Tiene tantísimo miedo de que ese precioso líquido se evapore, que vacía el contenido de la taza de un solo trago. Felicidad suprema en el vacío sideral de sus entrañas.

Le da las gracias de nuevo. Si ése es el camino que debe seguir para dejar de tener frío, está dispuesto a darle las gracias cien veces al día.

Por otro lado, le aterroriza de antemano todo lo que estaría dispuesto a hacer.

Ahora se siente capaz de arrastrarse, o peor.

Él, que se creía tan fuerte ahora se da cuenta de que no es gran cosa frente a una simple mujer. Una mujer que en cualquier caso, ostenta el poder absoluto… Que ha pujado por su vida.

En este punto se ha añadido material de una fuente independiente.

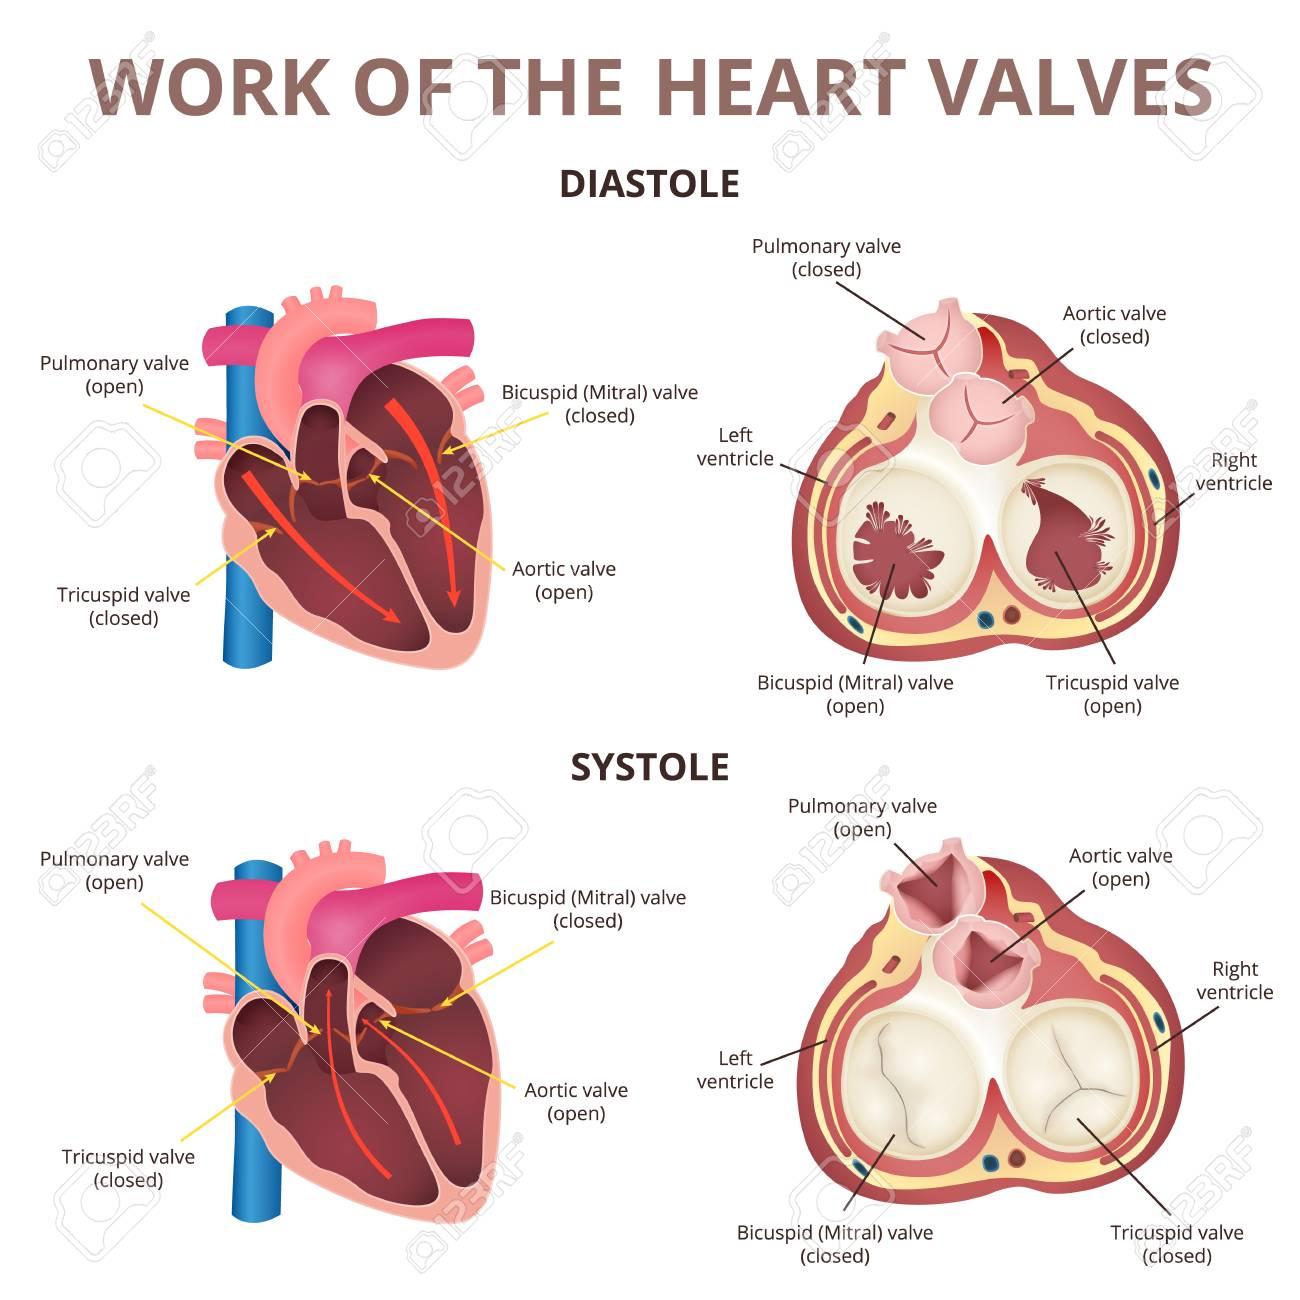 anatomy of the human heart - 97141289

Ella se instala sobre la silla y él sobre la manta. Un chucho, sí. Un chucho que escucha atentamente a su dueña.

Ligeras náuseas.

—¿Por qué decidiste entrar en la policía?

—Pues… Quería un trabajo que no fuera rutinario… Y además para defender ciertos valores…

Se da cuenta de que ni siquiera ha pensado por un segundo en contestarle que se metiera en sus asuntos.

Ella tiene razón, está progresando. Lentamente, pero a paso seguro.

Hacia la cobardía.

—¿Qué valores?

—Los de la justicia…

—¡La justicia, claro!

De repente se siente raro. La cabeza le da vueltas. Aunque esté tranquilamente sentado. Seguro que es efecto del café caliente. O del azúcar. Dulce sensación de embriaguez.

—¡Tienes razón! Debe de ser una profesión apasionante.

—No siempre. Hay muchas complicaciones, pero…

—Muchos fracasos, también. Cuando no encuentras al culpable, por ejemplo.

—Cierto. Eso también forma parte del trabajo.

—Todos esos asesinos que todavía andan por ahí sueltos, sin que la policía haya logrado capturarlos jamás…

—¡Nadie es perfecto!

—Seguro, nadie es perfecto… ¿Tú has fracasado muchas veces, Benoît?

—No, no tantas. ¿Y tú? ¿Qué es lo que haces en la vida? ¡Aparte de secuestrar a polis, claro!

—Yo ya no tengo vida. Él se queda un instante sin voz.

—¿Ya no tienes? ¿Qué quiere decir eso?

—Quiere decir que estoy muerta…

—¿Muerta? —repite él lentamente.

—Sí, muerta. Alguien me ha matado… Ahora tengo que dejarte.